Context
A Databricks customer runs a serverless event ingestion platform for web and mobile activity, but session state is currently reconstructed in ad hoc downstream jobs, causing inconsistent session boundaries, duplicate attribution, and poor latency for product analytics. You need to design a Databricks-native pipeline that maintains stateful user sessions in a serverless environment while keeping operations simple for a small platform team.
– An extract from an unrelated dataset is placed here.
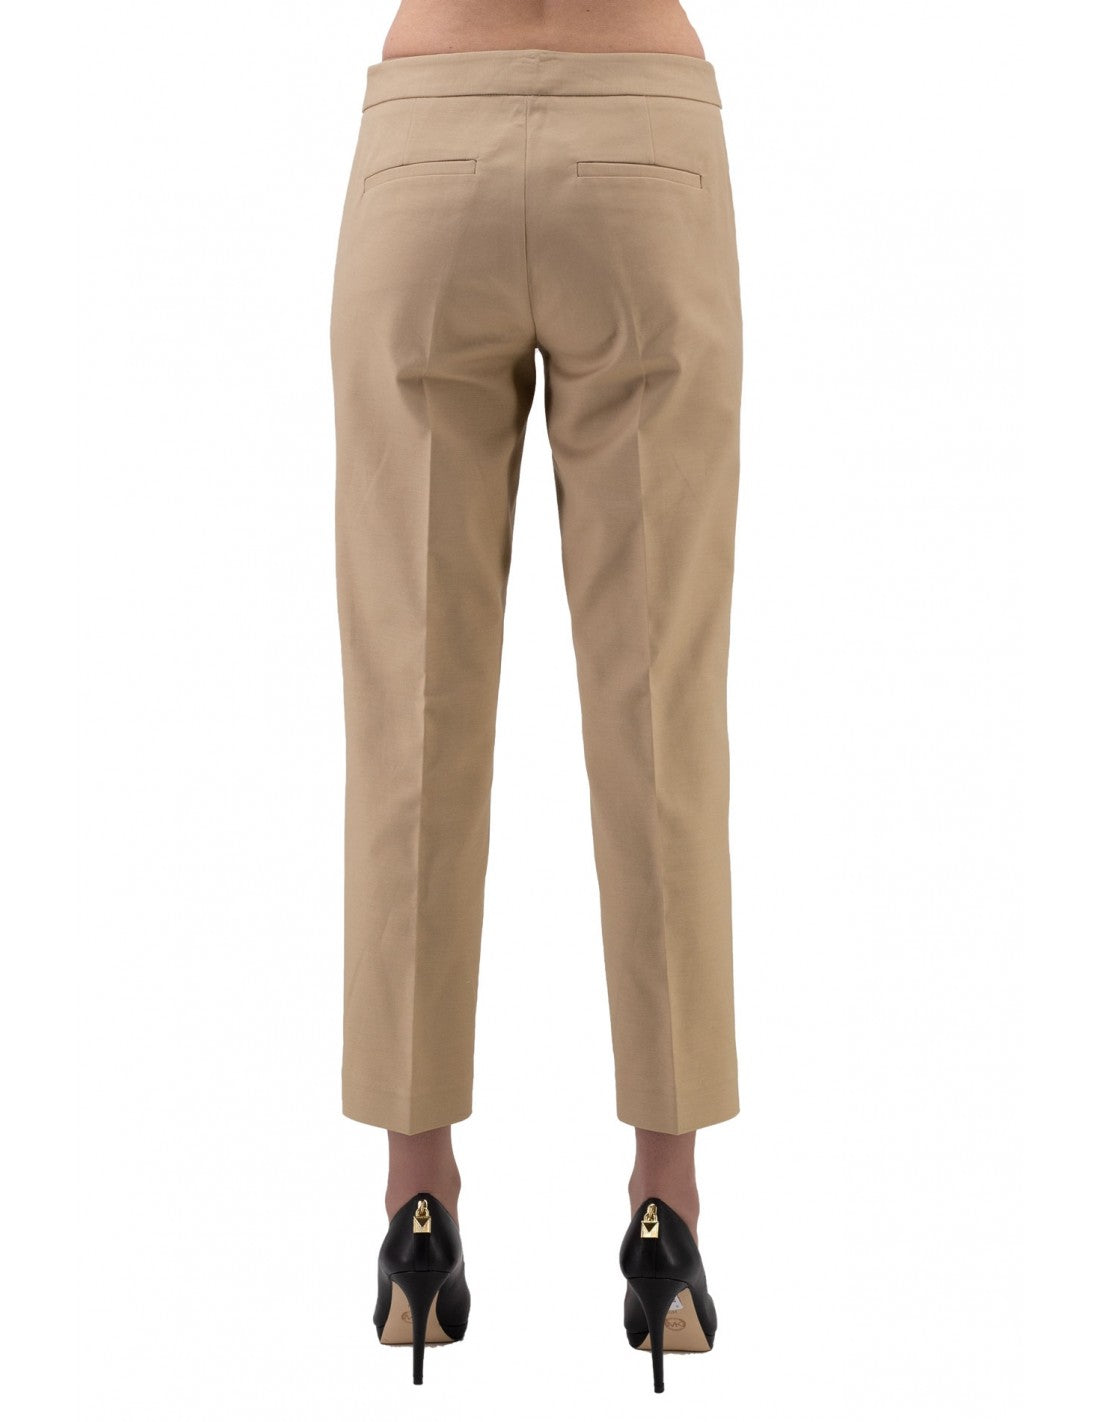 Women's trousers with side band

The company wants a near-real-time lakehouse pipeline using Databricks Structured Streaming, Delta Lake, Delta Live Tables / Lakeflow Declarative Pipelines, and Databricks Workflows instead of managing long-lived stateful services directly.
Scale Requirements
- Ingress: 250K events/sec peak, 60K avg
- Event size: 1.5 KB average JSON
- Daily volume: ~18 TB raw
- Latency target: sessionized records queryable in < 2 minutes
- Session rule: 30-minute inactivity timeout, cross-device merge within 5 minutes after identity resolution
- Retention: raw events 180 days, session tables 2 years
- Availability: 99.9% pipeline SLA
Requirements
- Ingest ordered and unordered events from web SDKs, mobile SDKs, and backend APIs into the Databricks Lakehouse.
- Build a stateful sessionization pipeline that handles late events, duplicate events, and identity merges without relying on sticky application servers.
- Persist intermediate and final state in Delta tables so the pipeline can recover safely after serverless restarts.
- Support both streaming session tables for product analytics and daily backfills for corrected identity mappings.
- Ensure idempotent writes, replayability, and exactly-once semantics where feasible.
- Expose monitoring for lag, state growth, bad records, and session merge anomalies.
- Orchestrate streaming and batch correction jobs using Databricks-native tooling.
Constraints
- Use Databricks on AWS with serverless compute where possible.
- No external Redis or self-managed Kafka Streams state store.
- PII must be encrypted and support deletion within 30 days.
- Incremental cloud spend target: <$40K/month.
- Team size: 5 data engineers, 1 platform engineer.
Describe the end-to-end architecture, state management strategy, table design, orchestration, monitoring, and failure recovery approach.